**ASSIGNED TASK**:
Starting with the first line of the data below, copy each line up to and including the one containing "JWアンダーソンから英レインブーツブランド ウェリペッツとのコラボモデルが登場か jonathan". Pictures stay out.

**DATA SECTION**:
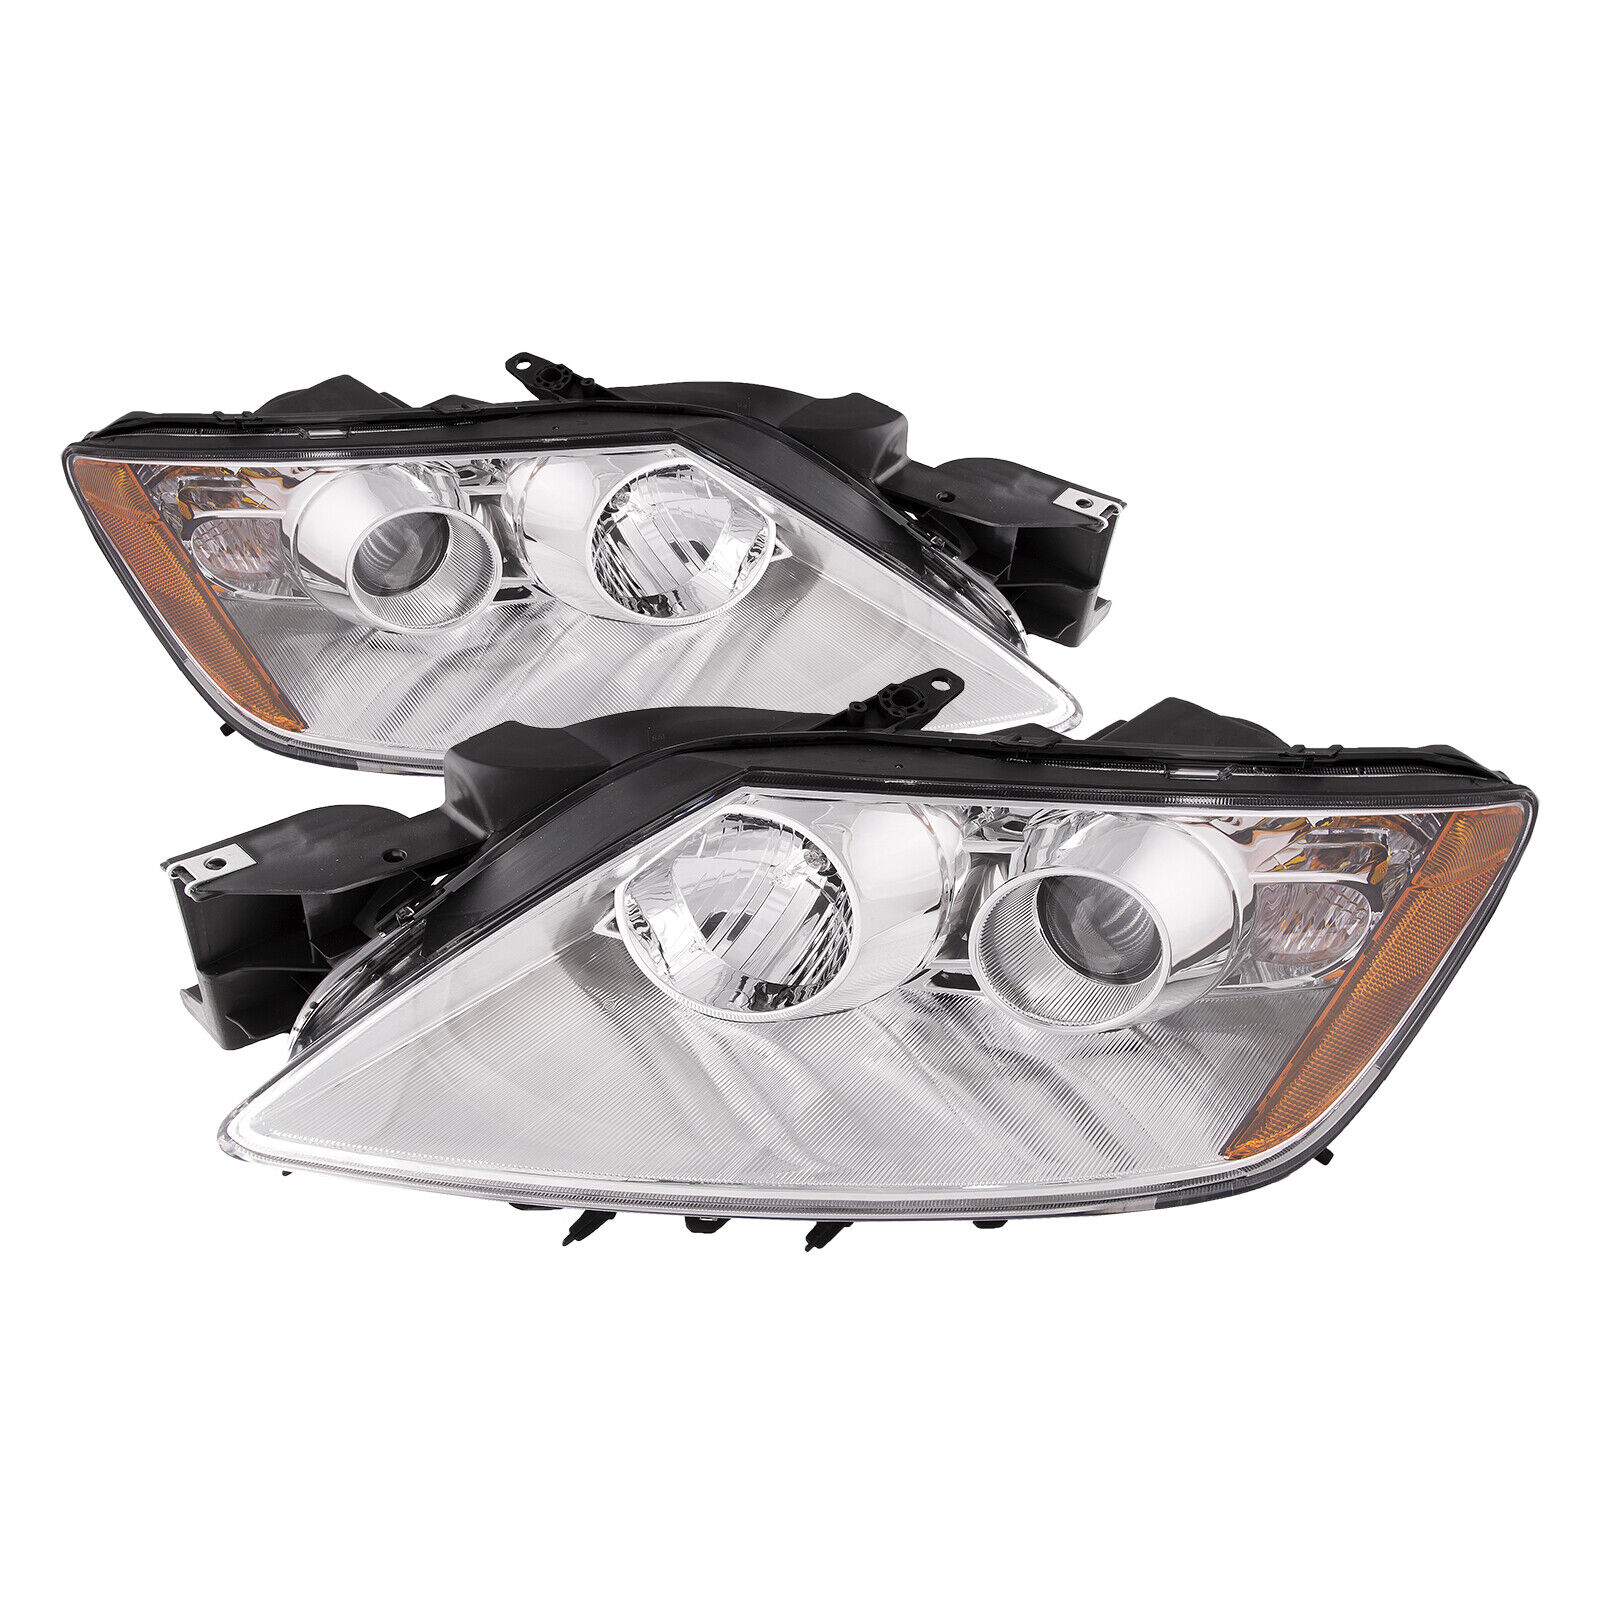 PERDE Chrome Projector Headlight Set For 2007-2011 Mazda CX-7 Halogen Models
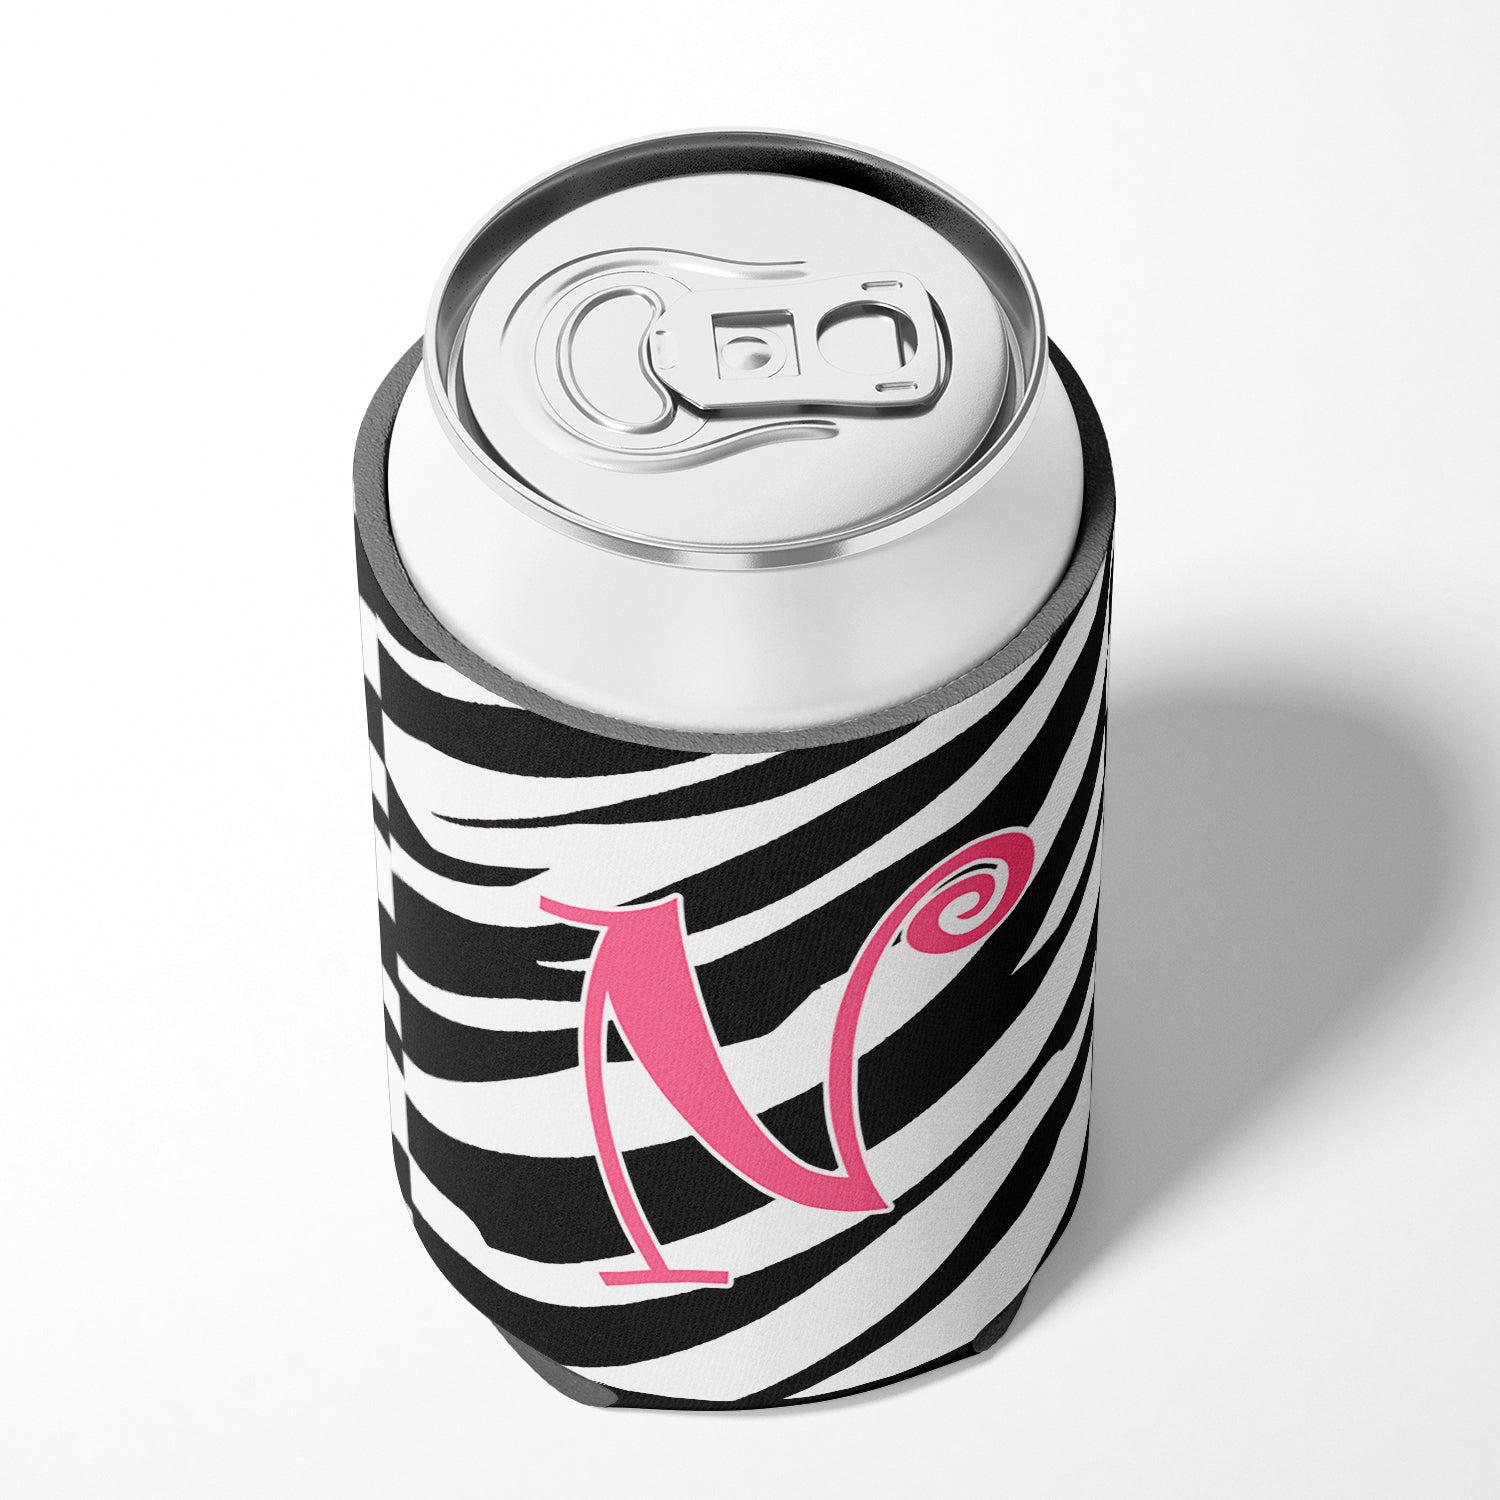 Letter N Initial Monogram - Zebra Stripe and Pink Can or Bottle Beverage Insulator Hugger
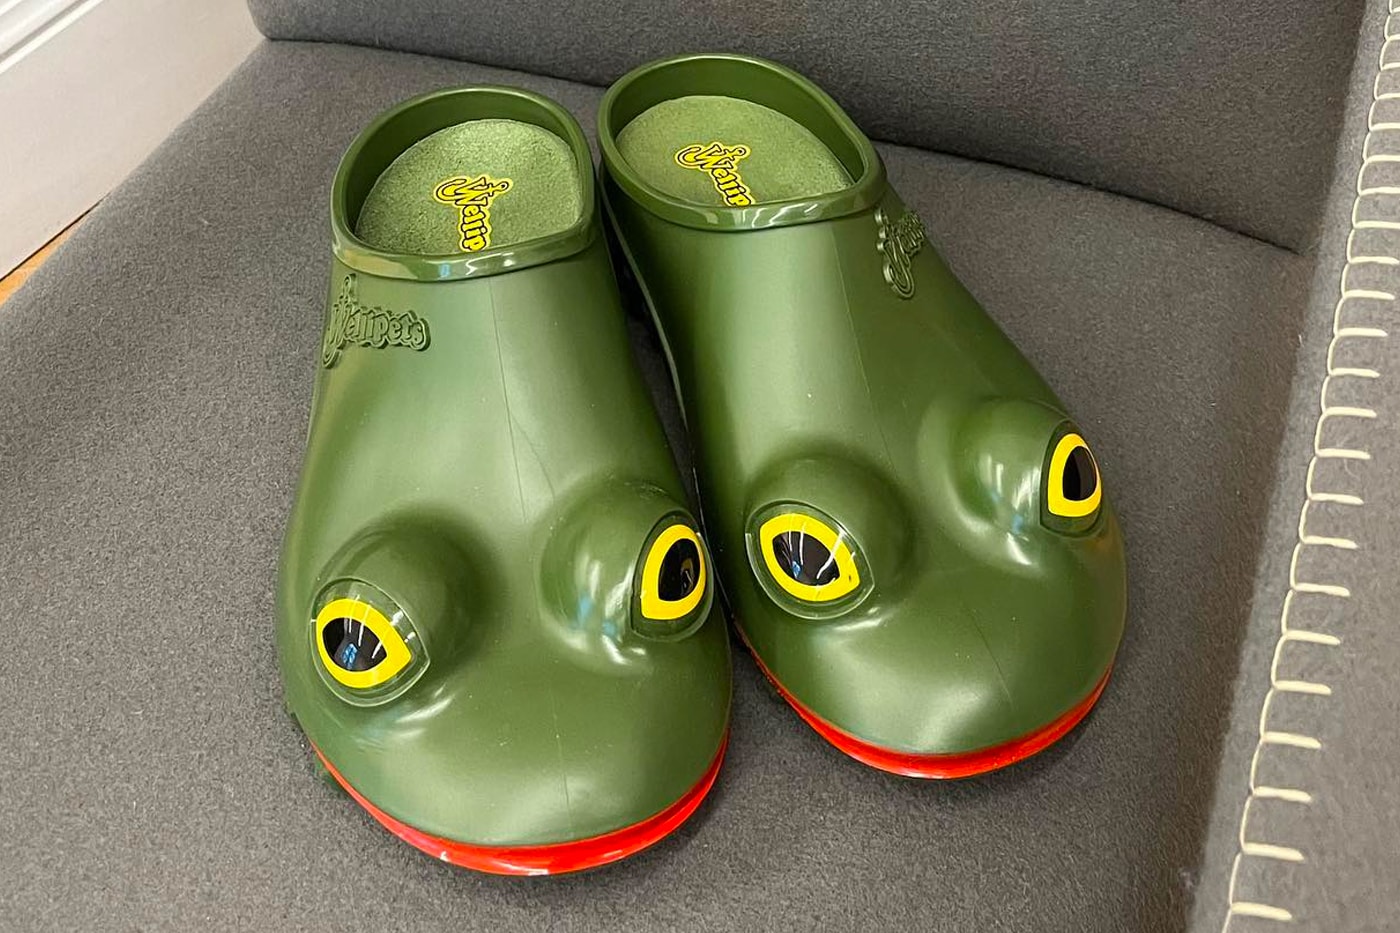 JWアンダーソンから英レインブーツブランド ウェリペッツとのコラボモデルが登場か jonathan jw anderson wellipets frog wellies rain slip on weatherproof shoes green rubber first look info
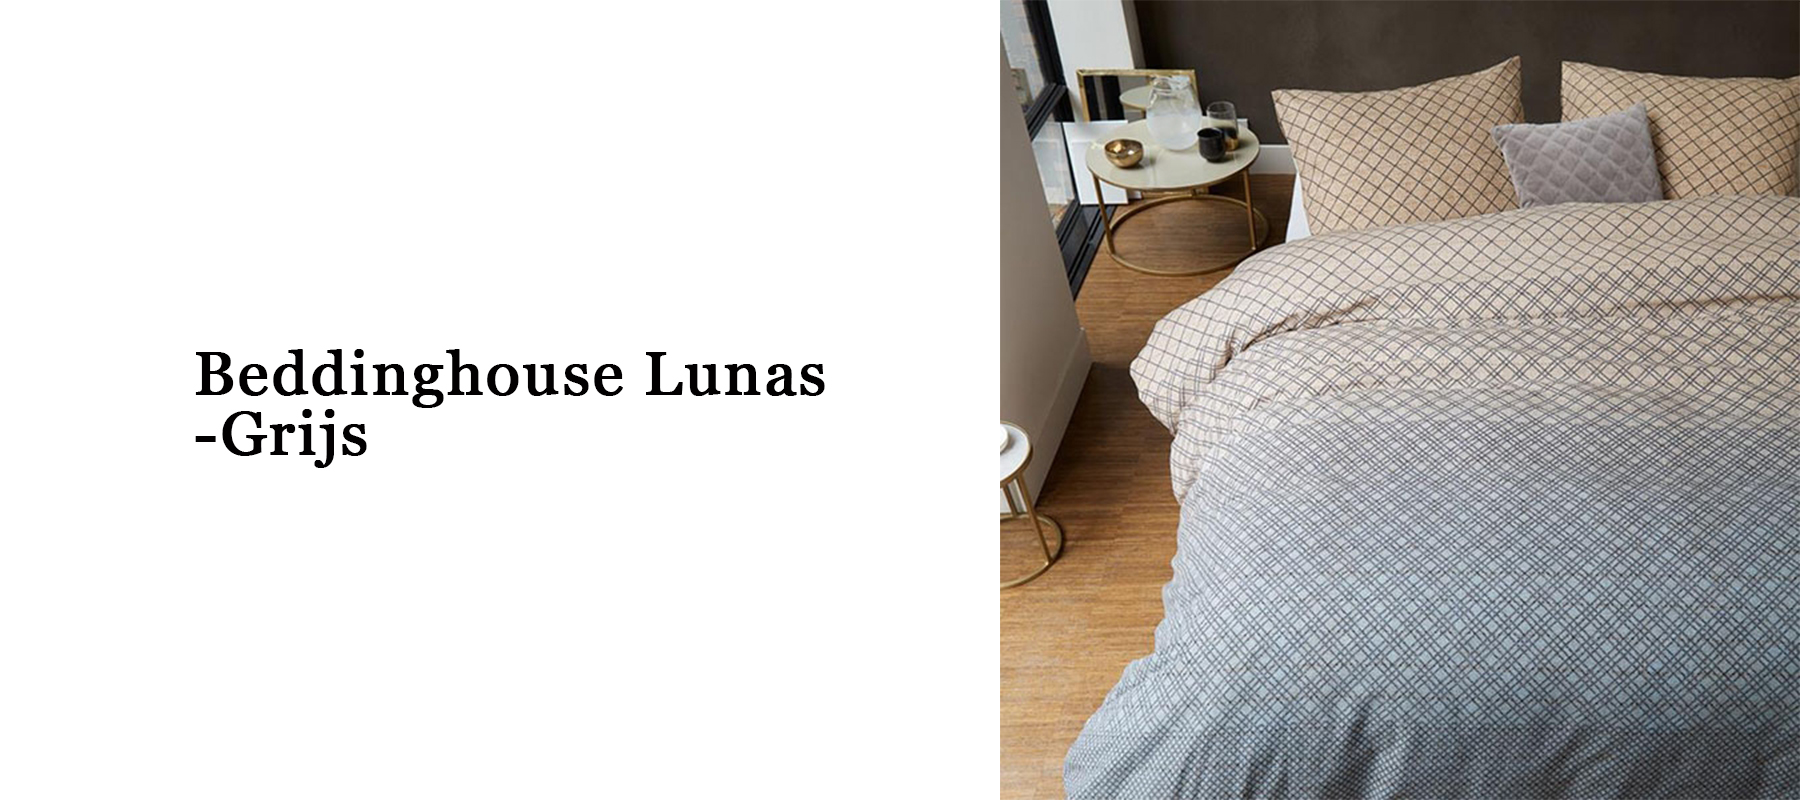 Beddinghouse Lunas - Grijs

**SOLUTION TO THE EXERCISE**:
 PERDE Chrome Projector Headlight Set For 2007-2011 Mazda CX-7 Halogen Models
 Letter N Initial Monogram - Zebra Stripe and Pink Can or Bottle Beverage Insulator Hugger
 JWアンダーソンから英レインブーツブランド ウェリペッツとのコラボモデルが登場か jonathan jw anderson wellipets frog wellies rain slip on weatherproof shoes green rubber first look info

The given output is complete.